About this exercise :: Excluding every picture, print exactly the lines from the one containing "9682858f08 Lyst - Tom" through the end of the material below, both ends included.

Exercise data ::
------------------------------------------------------------

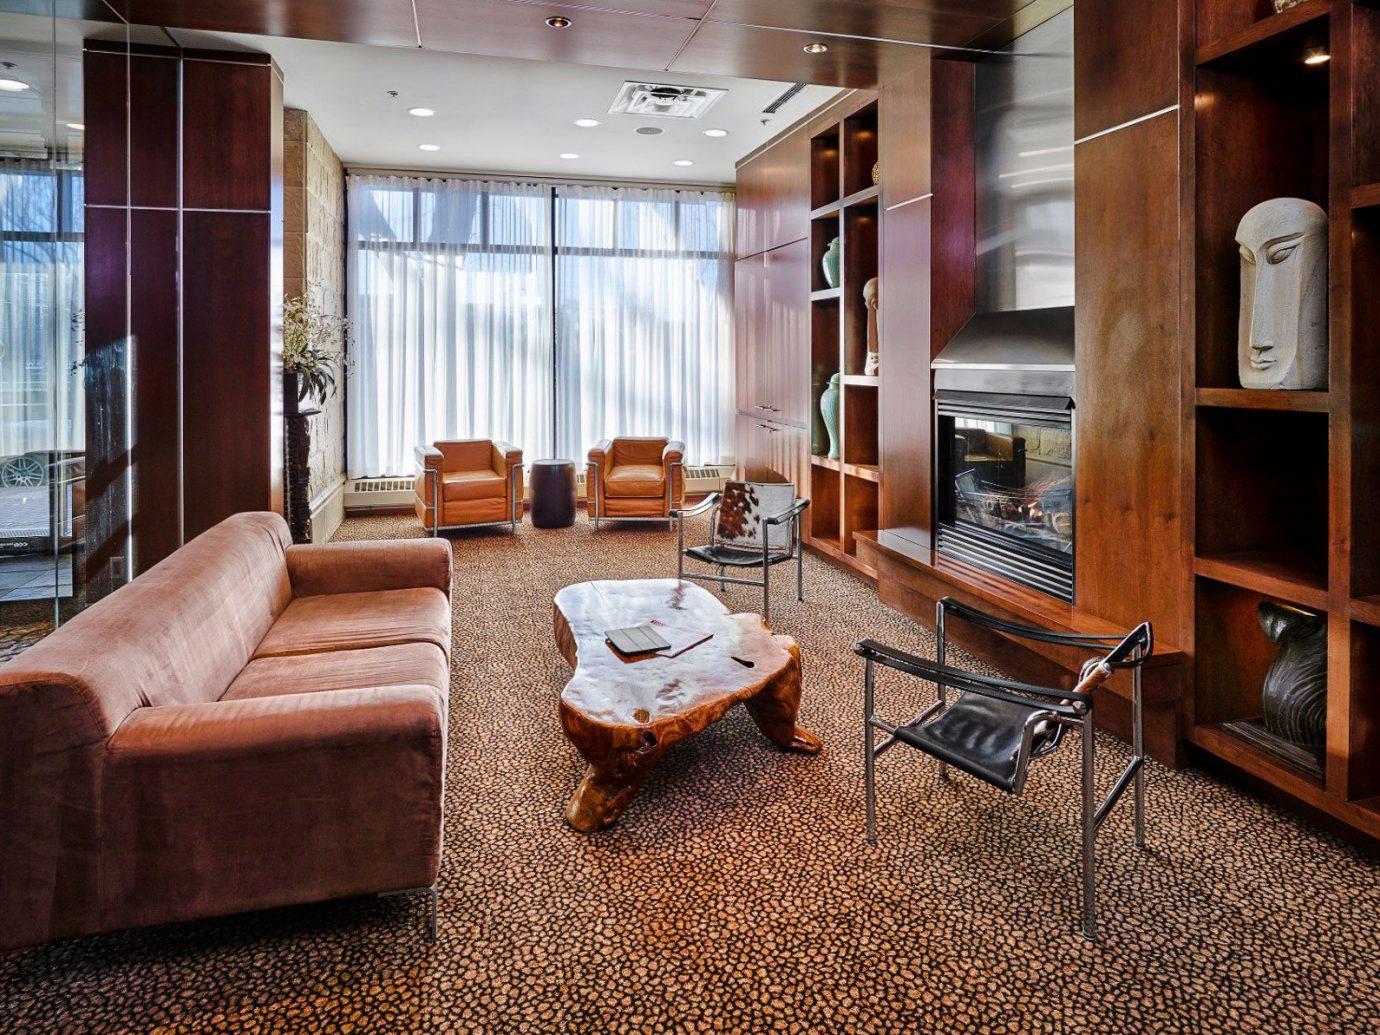 Alberta Canada Road Trips floor indoor room window interior design living room flooring Suite real estate furniture Lobby
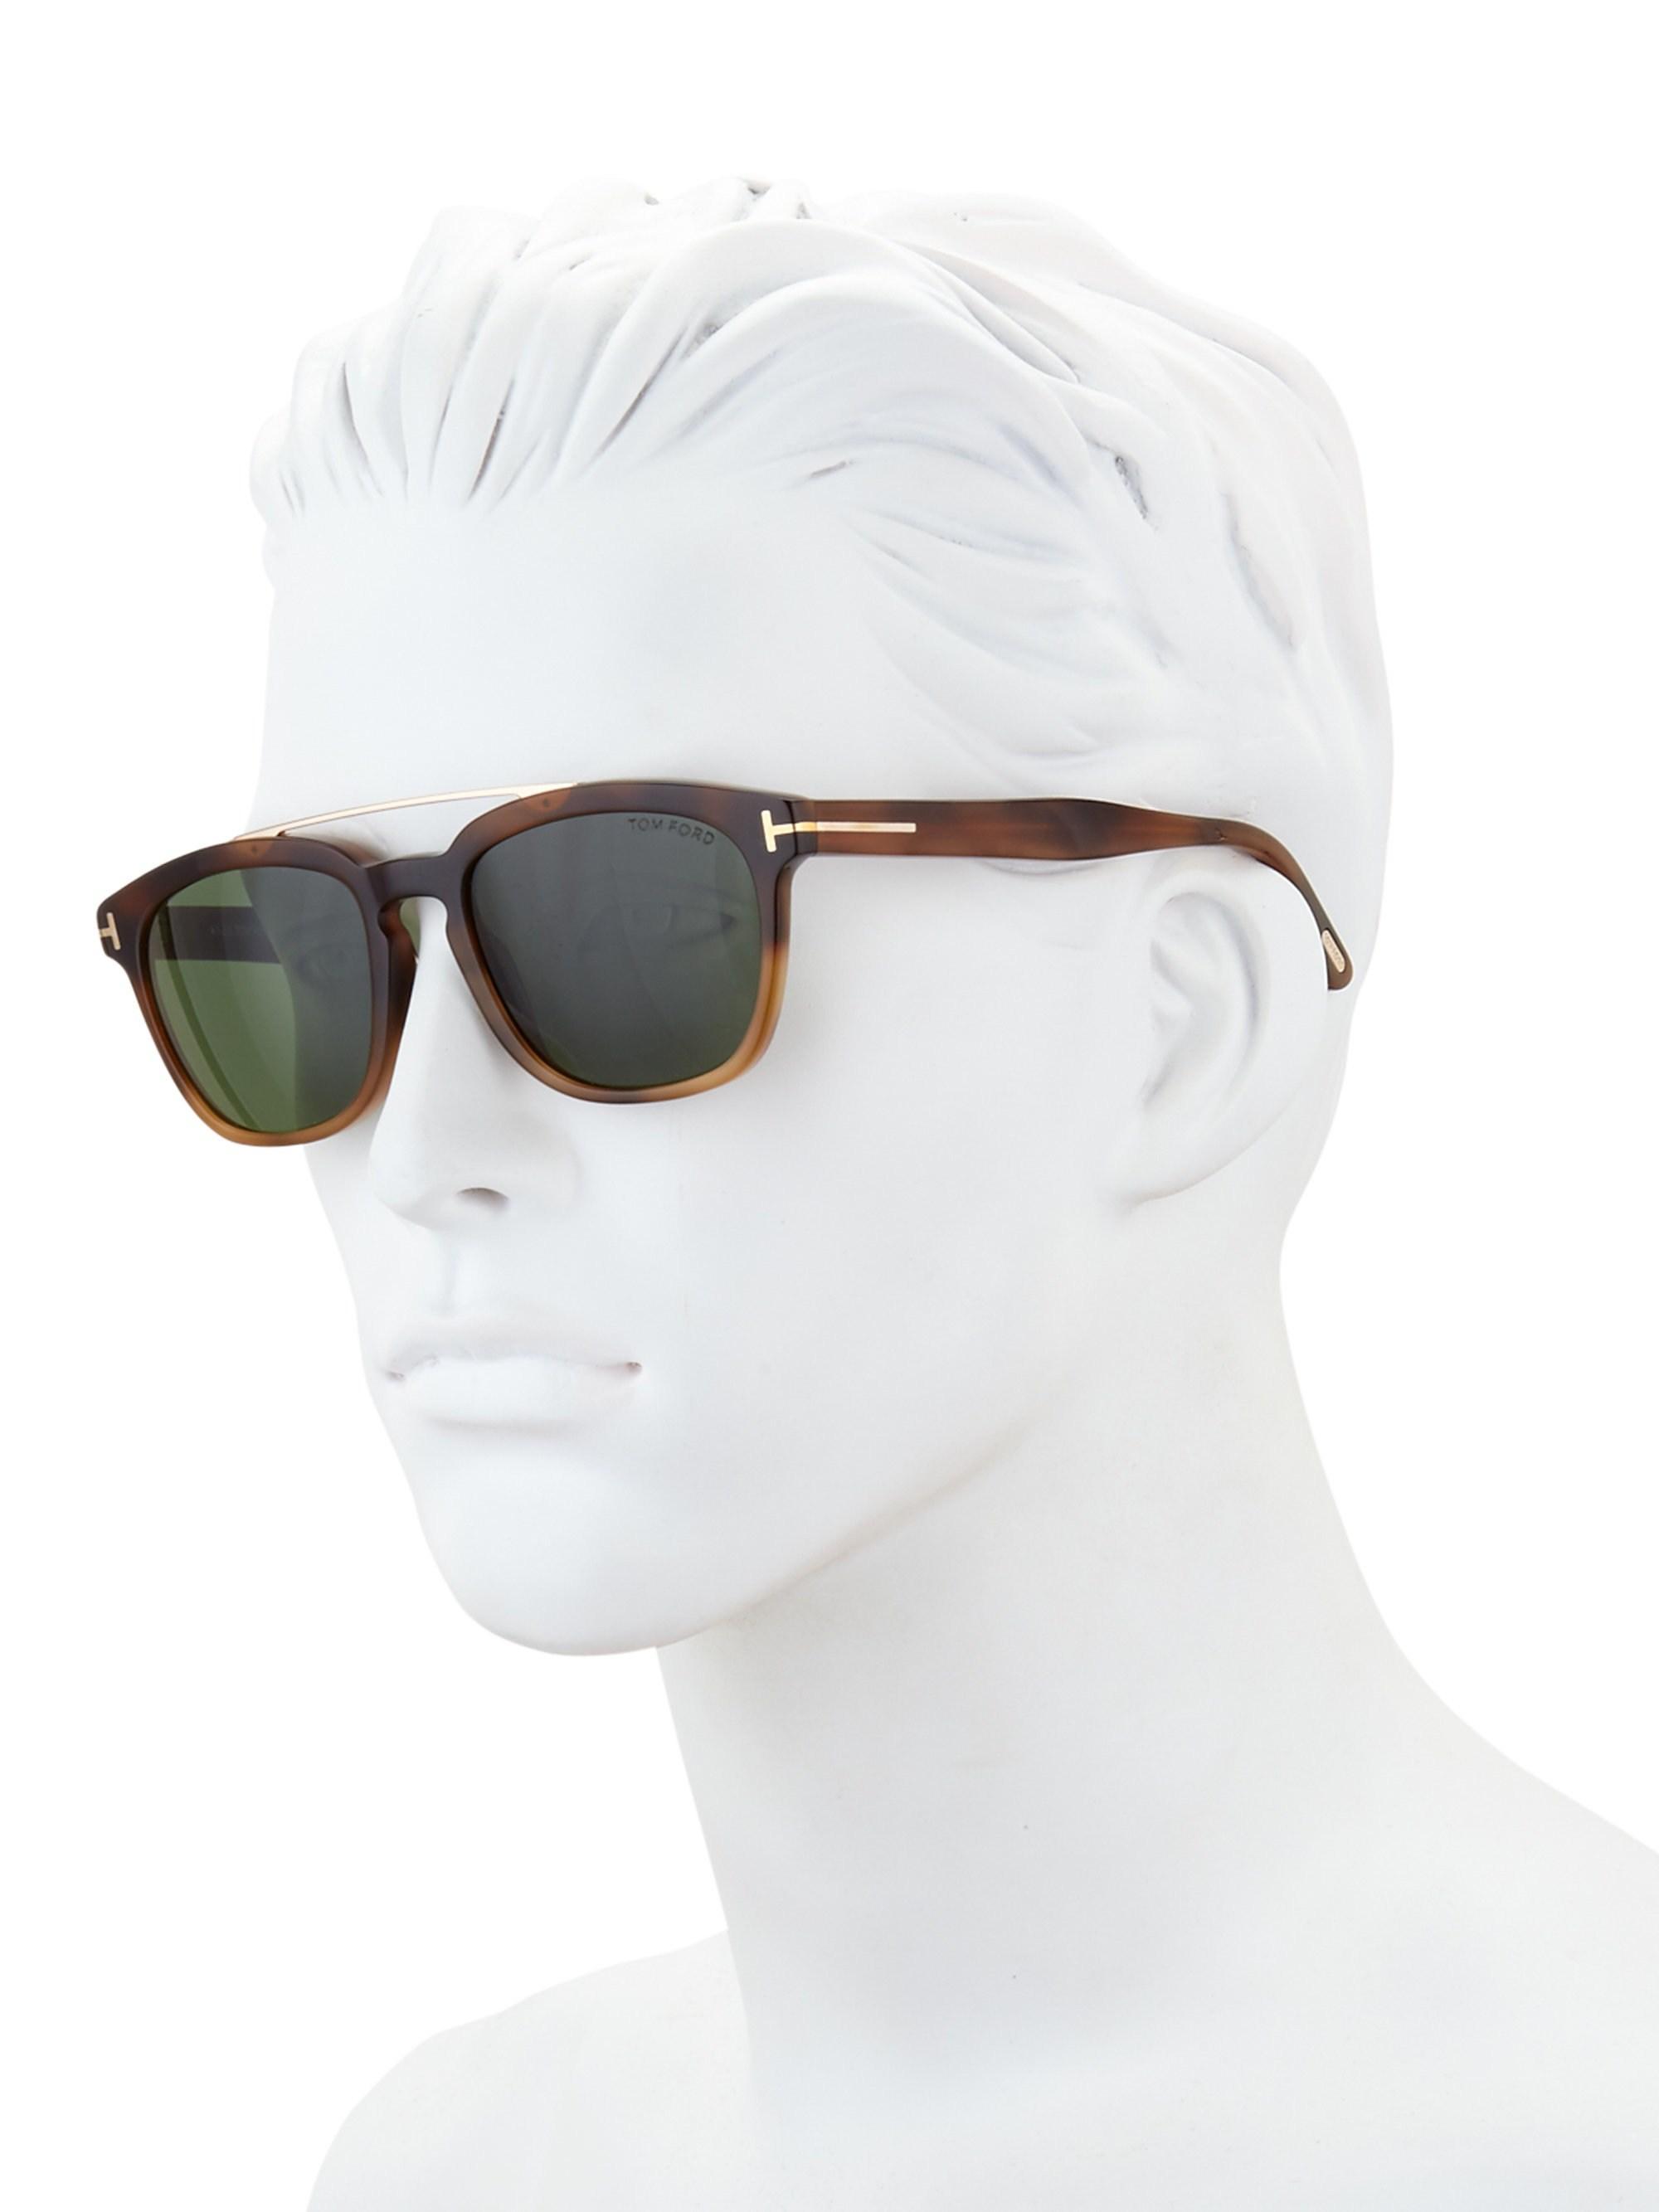 9682858f08 Lyst - Tom Ford Holt 54mm Square Sunglasses for Men
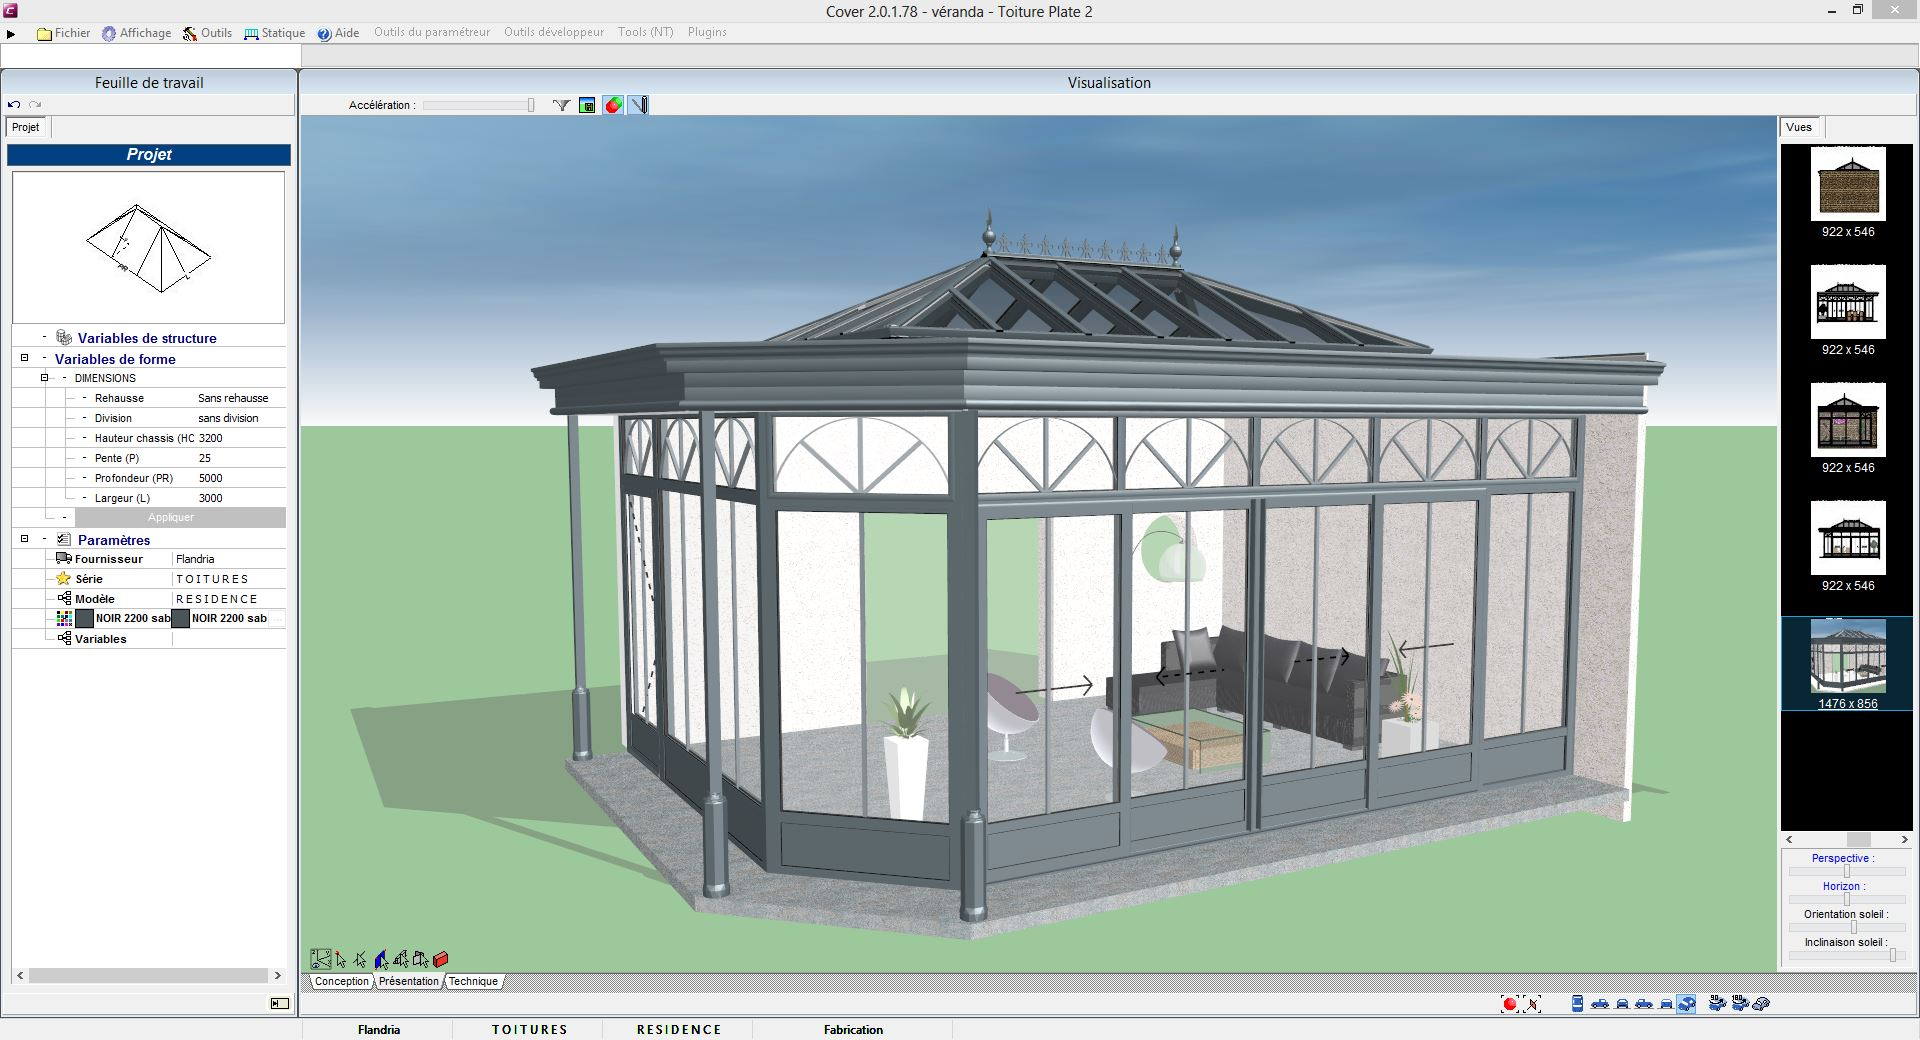 verandas cover. Black Bedroom Furniture Sets. Home Design Ideas

------------------------------------------------------------

Solution below ::
 9682858f08 Lyst - Tom Ford Holt 54mm Square Sunglasses for Men
 verandas cover. Black Bedroom Furniture Sets. Home Design Ideas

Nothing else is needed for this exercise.